I was thinking all that printed money would end-up leaking into the economy.
I still think it will happen but not soon enough to prevent a second crisis probably milder than 2008.

Yes oil may spike up but that's temporary.
Rents: lots of new apartments coming up.

But mostly continuing large enough pool of unemployed people, low investment and competition of third world countries will keep a solid lid on wages for years.

So now I think low growth + asset bubble + temporary higher inflation followed by bust, probably milder than 2008 but keeping inflation down.

2   anotheraccount   2014 Jun 21, 10:01am  

Heraclitusstudent says

+ temporary higher inflation followed by bust

If the bust does not come soon with it taming inflation, we could get a scare in a bond market. I would be a buyer again if the yields are 75 to 100 basis points above from where they are today.
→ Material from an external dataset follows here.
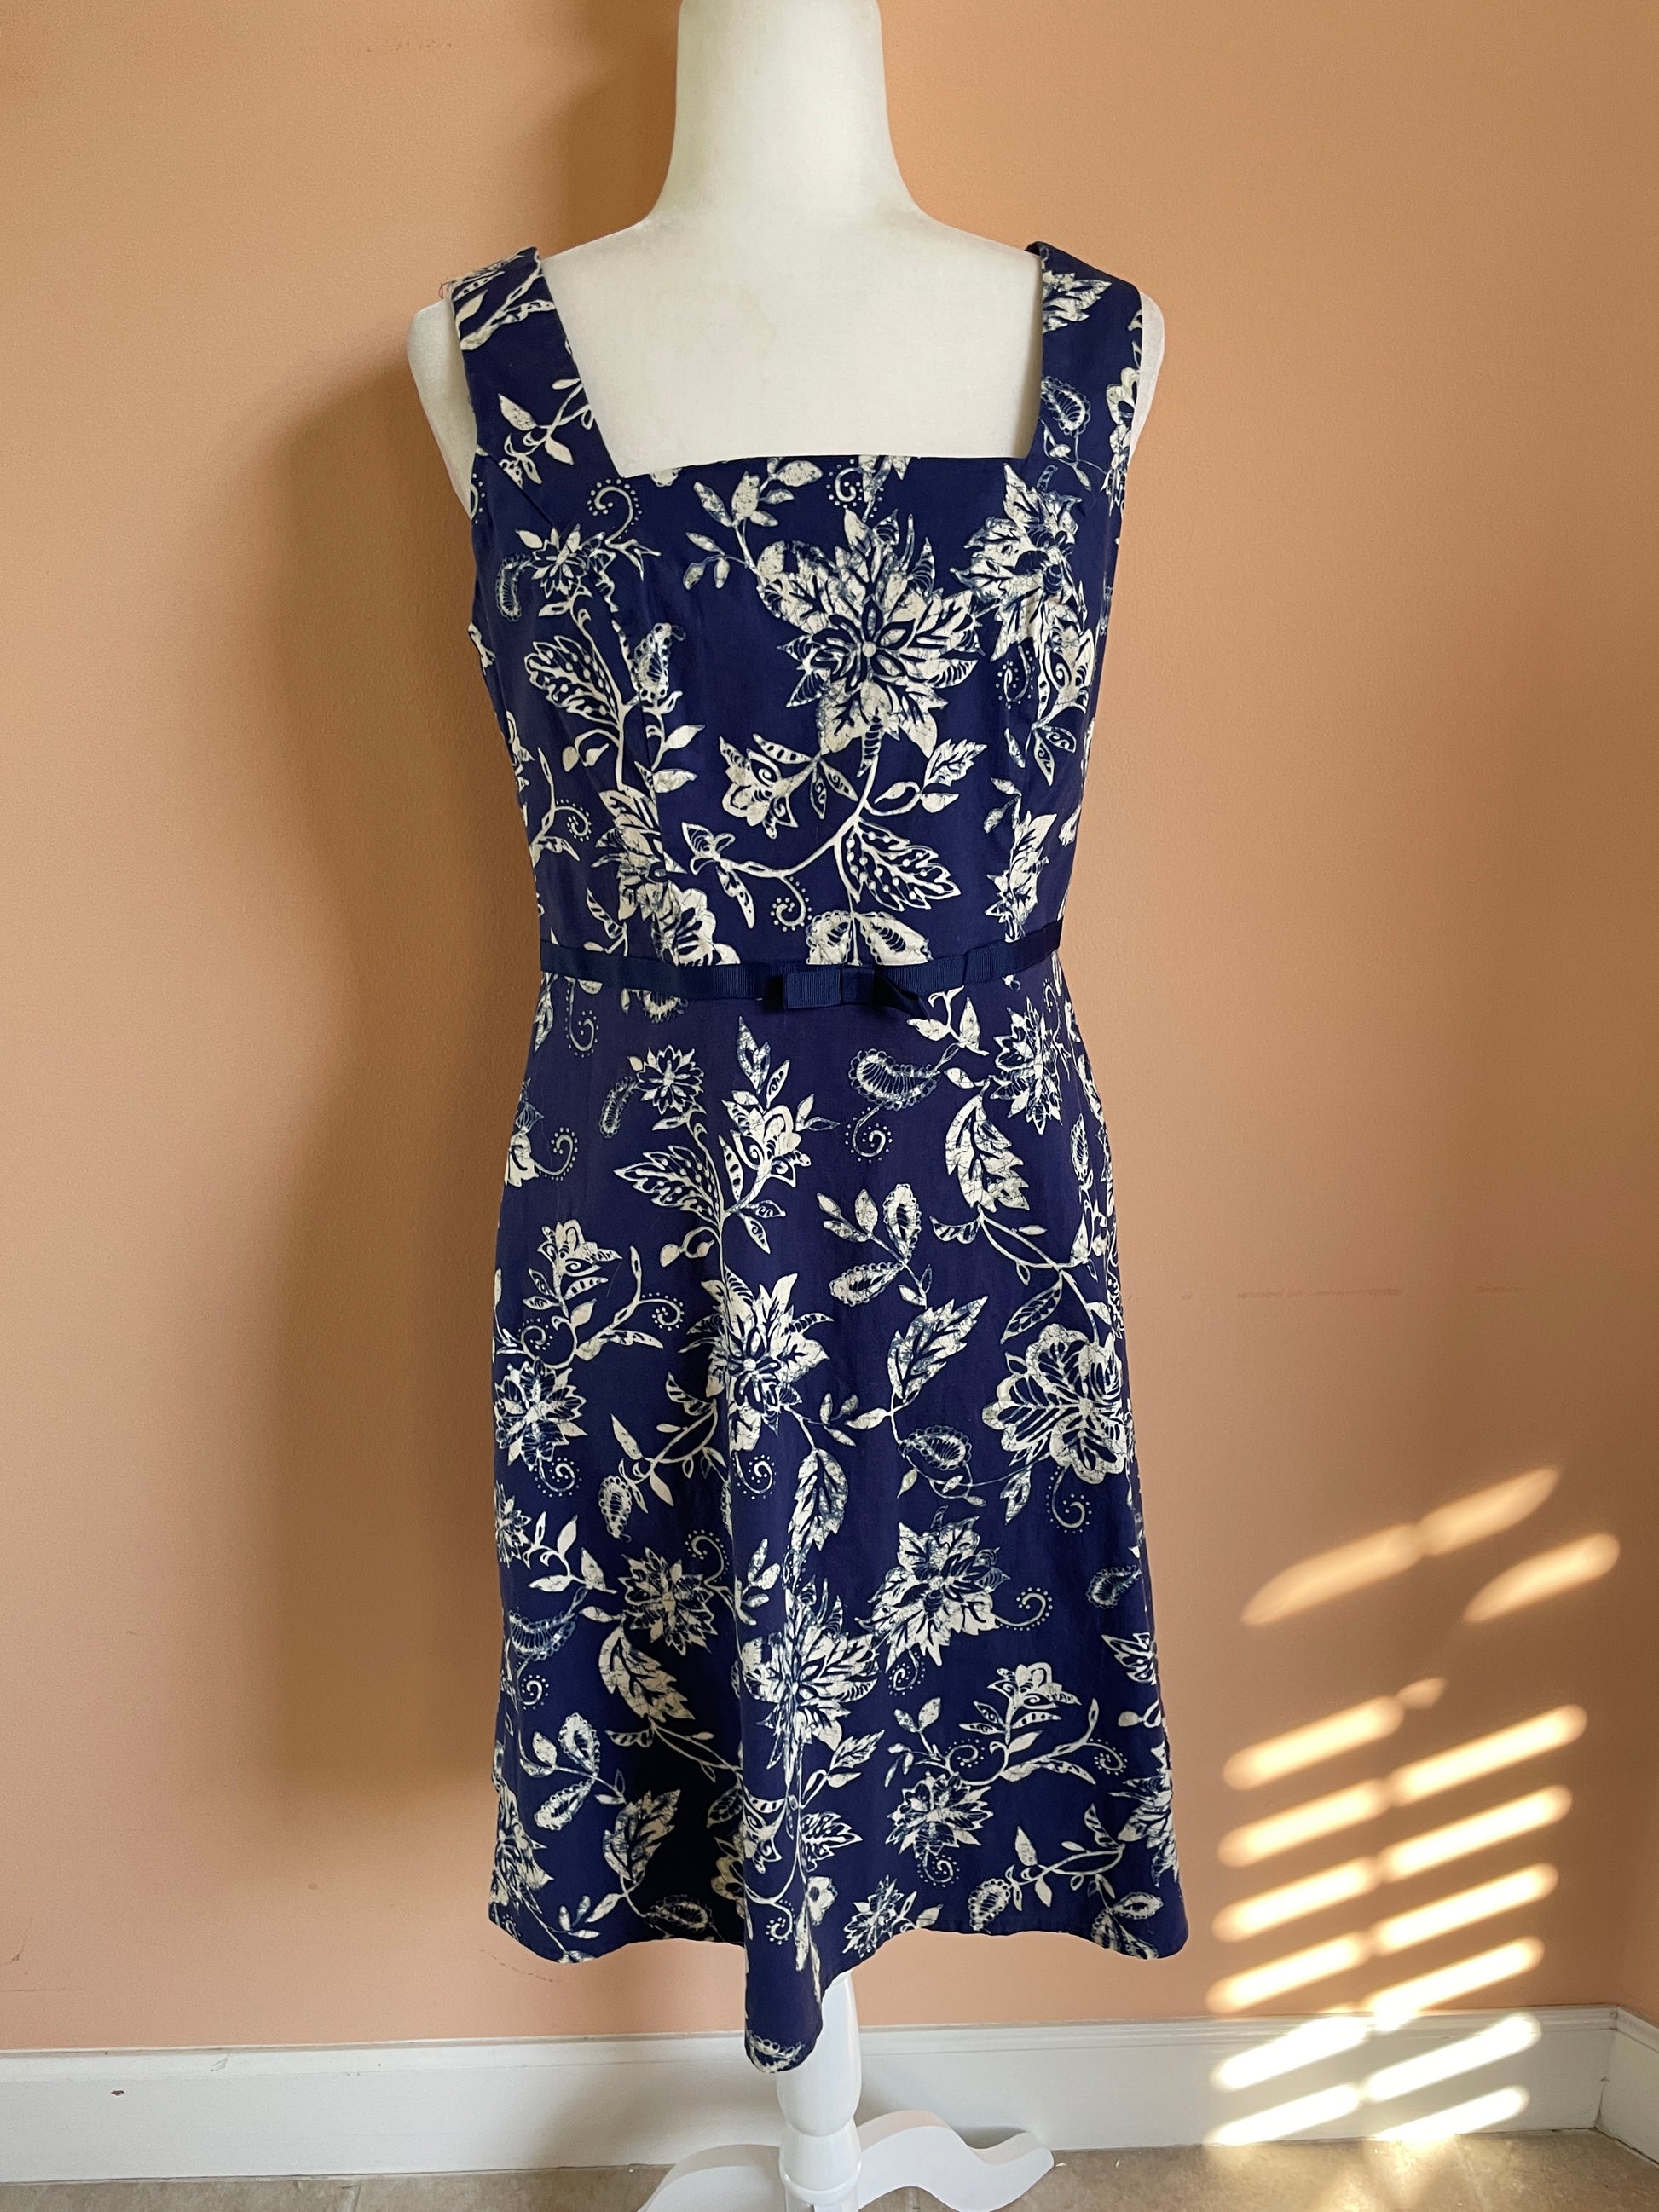 2000's blue summer dress 2000s Blue Summer Floral Cotton Sleeveless Dress

3   Facebooksux   2014 Jun 21, 1:01pm  

Rates cannot be allowed to rise. It would mathematically implode the government's finances.
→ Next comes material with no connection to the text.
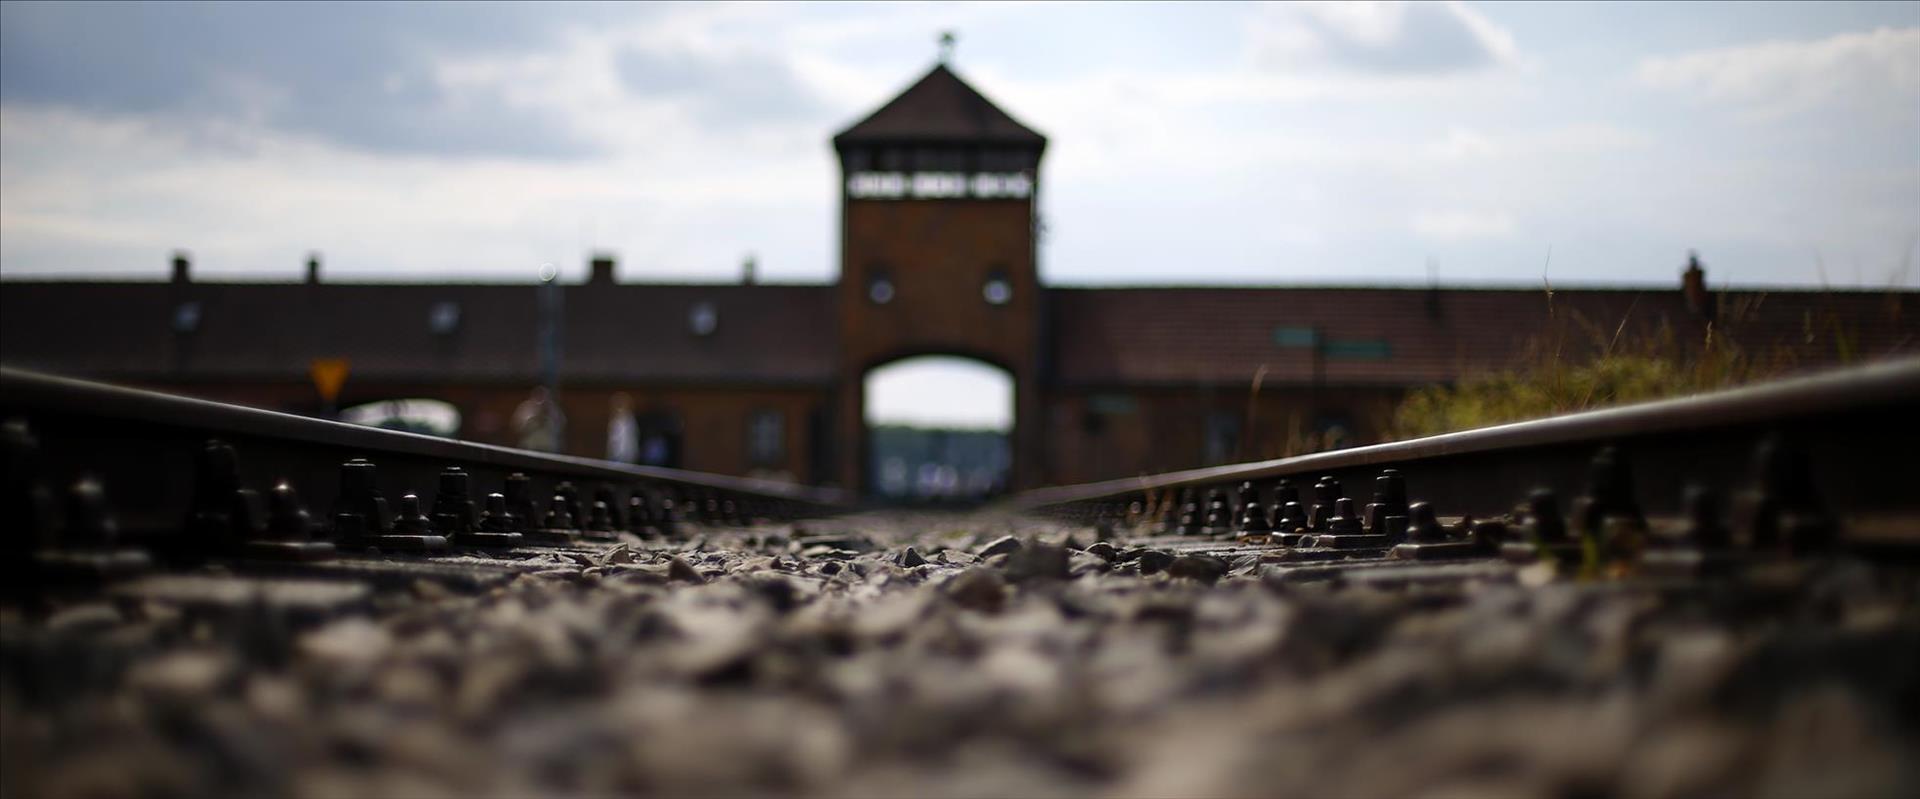 מחנה ההשמדה אושוויץ בירקנאו

The only way they have out is inflation.

It's already here.

4   Obio99   2014 Jun 21, 1:24pm  

The notion that we will see rising rates is nothing short of silly. We cannot see rising rates, as the great debt-ponzi would implode.

At one time I firmly believed that inflation would be short-circuited by a lack of demand for bonds at low (or negative) rates. But I confess I deeply misunderstood the lengths to which central-planning mandarins would go to orchestrate false demand for government paper.

They can (and will) keep playing this game for decades as Americans by the millions slip into poverty and the cost of living soars.

(It should be said that all the inflation under the sun, will not save the housing market however -- as the great baby boomer die-off begins. Demographics trumps monetary policy every time.)

5   anotheraccount   2014 Jun 21, 1:40pm  

Obio99 says

They can (and will) keep playing this game for decades as Americans by the millions slip into poverty and the cost of living soars.

I don't think it can continue for that long. I don't think they can go back to increasing QE after the taper is done. Fed will probably not reduce the 5T that it holds though.

6   thomaswong.1986   2014 Jun 21, 3:42pm  

tr6 says

I am starting to think that we might get real inflation scare in the next six months.

Dont hold your breath.. Japan has had deflation for how long ... it now 25 years later.